» Work to be completed:
The lines from the top of the records below through the one containing "An Official Look" are to be transcribed exactly, and nothing else is to be added.

» Listed entries:

§

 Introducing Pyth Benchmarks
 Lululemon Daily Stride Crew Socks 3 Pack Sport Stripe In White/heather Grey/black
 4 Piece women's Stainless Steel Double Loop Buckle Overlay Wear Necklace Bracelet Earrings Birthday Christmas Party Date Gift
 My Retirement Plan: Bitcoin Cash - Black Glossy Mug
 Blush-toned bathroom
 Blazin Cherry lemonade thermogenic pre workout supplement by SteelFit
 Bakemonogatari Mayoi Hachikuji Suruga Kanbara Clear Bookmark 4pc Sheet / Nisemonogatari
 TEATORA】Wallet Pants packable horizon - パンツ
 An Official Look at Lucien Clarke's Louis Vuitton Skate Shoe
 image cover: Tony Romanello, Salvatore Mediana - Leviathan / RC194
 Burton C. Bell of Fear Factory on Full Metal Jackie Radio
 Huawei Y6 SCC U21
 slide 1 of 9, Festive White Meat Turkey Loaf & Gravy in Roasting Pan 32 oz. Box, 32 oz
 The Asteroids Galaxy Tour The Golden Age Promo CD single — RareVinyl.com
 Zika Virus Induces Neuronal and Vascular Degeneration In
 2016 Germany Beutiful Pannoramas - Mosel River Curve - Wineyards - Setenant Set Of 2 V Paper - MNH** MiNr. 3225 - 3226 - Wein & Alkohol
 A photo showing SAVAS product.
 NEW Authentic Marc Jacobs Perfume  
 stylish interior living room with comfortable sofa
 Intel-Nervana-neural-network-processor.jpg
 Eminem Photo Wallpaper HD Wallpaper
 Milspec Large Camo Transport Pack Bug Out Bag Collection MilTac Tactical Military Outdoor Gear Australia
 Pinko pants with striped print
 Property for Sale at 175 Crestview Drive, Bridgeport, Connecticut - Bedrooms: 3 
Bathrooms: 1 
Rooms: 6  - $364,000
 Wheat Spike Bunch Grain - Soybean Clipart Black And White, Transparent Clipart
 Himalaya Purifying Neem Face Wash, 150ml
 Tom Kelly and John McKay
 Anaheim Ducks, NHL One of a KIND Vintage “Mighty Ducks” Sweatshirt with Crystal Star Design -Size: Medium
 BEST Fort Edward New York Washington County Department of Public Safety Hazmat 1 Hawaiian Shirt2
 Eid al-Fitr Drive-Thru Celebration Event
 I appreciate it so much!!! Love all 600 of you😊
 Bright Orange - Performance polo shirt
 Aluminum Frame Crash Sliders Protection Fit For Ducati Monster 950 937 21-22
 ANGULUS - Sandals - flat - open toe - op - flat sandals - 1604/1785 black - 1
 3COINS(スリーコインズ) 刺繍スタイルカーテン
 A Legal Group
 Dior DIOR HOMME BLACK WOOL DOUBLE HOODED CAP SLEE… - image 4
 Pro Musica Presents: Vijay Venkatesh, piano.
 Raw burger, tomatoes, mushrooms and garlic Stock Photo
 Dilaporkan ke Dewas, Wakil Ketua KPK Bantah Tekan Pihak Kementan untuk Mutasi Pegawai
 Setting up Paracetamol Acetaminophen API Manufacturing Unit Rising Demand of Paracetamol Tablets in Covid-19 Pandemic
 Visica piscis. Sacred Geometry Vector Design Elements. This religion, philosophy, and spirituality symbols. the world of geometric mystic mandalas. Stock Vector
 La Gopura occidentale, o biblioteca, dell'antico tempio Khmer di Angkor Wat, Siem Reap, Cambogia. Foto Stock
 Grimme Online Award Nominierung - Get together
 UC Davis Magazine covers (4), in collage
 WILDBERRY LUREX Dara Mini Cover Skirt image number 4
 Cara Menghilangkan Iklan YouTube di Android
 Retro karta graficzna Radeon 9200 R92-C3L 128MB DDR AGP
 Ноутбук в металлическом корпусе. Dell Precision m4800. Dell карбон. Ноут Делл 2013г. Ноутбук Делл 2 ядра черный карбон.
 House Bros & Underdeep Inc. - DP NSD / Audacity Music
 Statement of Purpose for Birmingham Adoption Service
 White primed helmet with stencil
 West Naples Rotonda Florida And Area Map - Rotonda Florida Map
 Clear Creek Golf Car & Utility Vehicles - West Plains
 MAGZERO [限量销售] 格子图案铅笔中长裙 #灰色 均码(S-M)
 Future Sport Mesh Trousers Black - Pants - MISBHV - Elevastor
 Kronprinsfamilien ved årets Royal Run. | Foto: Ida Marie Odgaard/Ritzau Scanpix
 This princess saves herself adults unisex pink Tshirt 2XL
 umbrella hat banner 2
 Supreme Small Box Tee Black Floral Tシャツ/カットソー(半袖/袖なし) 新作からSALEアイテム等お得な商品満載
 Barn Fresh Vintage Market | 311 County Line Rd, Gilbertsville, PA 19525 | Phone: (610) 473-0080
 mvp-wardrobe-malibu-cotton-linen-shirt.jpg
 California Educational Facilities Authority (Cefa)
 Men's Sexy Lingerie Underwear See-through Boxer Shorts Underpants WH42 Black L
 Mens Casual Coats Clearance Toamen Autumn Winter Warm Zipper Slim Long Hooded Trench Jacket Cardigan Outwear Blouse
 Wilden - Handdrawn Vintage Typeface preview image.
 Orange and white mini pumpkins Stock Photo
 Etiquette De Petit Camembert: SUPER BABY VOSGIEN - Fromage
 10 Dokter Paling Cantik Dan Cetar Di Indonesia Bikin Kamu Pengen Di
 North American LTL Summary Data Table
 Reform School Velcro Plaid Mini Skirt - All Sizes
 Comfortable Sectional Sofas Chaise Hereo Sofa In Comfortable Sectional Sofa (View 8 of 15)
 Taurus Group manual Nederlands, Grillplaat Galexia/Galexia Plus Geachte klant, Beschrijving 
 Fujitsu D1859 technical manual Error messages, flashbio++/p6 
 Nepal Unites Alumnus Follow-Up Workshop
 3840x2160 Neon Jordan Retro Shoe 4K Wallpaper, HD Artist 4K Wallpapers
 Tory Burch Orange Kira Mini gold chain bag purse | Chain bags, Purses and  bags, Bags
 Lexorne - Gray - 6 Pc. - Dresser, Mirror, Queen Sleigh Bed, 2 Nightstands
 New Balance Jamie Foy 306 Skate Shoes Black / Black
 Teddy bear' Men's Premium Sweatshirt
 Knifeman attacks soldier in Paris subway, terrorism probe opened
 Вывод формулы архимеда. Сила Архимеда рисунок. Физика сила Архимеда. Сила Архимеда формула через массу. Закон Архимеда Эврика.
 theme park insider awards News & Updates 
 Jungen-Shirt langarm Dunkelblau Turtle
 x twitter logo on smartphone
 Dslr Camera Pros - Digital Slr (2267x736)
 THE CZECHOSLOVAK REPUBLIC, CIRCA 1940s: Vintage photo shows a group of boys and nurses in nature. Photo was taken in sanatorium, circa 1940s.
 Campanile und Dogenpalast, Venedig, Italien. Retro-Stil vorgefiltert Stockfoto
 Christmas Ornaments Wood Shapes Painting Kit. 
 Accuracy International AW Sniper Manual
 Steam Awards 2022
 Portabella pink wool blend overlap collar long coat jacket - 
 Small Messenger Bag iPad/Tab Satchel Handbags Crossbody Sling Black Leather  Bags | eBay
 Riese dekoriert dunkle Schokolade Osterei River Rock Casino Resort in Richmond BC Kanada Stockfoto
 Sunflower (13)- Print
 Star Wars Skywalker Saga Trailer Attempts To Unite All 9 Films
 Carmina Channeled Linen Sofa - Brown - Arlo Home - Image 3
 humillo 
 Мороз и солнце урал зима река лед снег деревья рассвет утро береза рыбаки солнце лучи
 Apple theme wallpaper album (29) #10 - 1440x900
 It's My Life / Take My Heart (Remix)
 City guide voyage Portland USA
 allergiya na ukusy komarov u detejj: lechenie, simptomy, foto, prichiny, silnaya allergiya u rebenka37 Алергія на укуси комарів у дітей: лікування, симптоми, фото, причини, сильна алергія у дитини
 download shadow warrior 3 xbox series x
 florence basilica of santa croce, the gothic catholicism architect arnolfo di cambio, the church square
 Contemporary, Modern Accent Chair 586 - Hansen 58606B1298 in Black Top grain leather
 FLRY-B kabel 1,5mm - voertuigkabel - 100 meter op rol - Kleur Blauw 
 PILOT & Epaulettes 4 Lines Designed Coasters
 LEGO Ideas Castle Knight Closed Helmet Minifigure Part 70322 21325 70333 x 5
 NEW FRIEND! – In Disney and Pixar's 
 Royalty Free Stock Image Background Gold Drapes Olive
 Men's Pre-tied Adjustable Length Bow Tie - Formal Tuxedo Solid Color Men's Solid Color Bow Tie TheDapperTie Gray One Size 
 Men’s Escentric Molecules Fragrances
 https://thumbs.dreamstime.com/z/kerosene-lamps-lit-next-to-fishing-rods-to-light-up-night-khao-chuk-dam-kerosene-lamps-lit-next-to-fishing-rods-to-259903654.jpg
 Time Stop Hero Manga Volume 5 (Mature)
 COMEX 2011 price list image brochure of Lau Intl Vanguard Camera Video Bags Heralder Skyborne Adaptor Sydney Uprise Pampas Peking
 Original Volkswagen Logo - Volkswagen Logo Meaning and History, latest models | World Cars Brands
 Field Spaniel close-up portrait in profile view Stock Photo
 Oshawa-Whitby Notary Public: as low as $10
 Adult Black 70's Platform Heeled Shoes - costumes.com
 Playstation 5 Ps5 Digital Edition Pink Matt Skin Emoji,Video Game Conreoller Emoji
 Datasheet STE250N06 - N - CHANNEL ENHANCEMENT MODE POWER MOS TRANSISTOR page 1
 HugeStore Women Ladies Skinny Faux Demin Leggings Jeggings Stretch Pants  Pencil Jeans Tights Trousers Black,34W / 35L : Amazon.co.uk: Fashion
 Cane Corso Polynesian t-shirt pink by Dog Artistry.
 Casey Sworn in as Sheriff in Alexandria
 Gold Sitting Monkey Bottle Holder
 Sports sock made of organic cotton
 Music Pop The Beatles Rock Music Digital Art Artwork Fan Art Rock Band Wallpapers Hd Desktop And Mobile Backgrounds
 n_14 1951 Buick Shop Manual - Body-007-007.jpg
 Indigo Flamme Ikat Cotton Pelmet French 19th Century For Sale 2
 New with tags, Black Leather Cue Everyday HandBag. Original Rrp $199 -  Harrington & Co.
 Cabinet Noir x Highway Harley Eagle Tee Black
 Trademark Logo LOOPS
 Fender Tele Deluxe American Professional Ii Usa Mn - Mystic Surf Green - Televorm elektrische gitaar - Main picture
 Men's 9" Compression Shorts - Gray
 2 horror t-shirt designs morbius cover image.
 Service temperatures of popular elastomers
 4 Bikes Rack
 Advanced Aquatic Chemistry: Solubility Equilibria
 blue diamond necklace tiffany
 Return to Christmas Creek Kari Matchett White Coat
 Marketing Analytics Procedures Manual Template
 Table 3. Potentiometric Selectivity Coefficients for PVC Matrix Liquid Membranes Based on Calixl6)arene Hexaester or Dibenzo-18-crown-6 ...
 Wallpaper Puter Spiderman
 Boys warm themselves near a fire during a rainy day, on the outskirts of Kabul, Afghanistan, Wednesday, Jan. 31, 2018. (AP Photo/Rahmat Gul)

§

» Solution below:
 Introducing Pyth Benchmarks
 Lululemon Daily Stride Crew Socks 3 Pack Sport Stripe In White/heather Grey/black
 4 Piece women's Stainless Steel Double Loop Buckle Overlay Wear Necklace Bracelet Earrings Birthday Christmas Party Date Gift
 My Retirement Plan: Bitcoin Cash - Black Glossy Mug
 Blush-toned bathroom
 Blazin Cherry lemonade thermogenic pre workout supplement by SteelFit
 Bakemonogatari Mayoi Hachikuji Suruga Kanbara Clear Bookmark 4pc Sheet / Nisemonogatari
 TEATORA】Wallet Pants packable horizon - パンツ
 An Official Look at Lucien Clarke's Louis Vuitton Skate Shoe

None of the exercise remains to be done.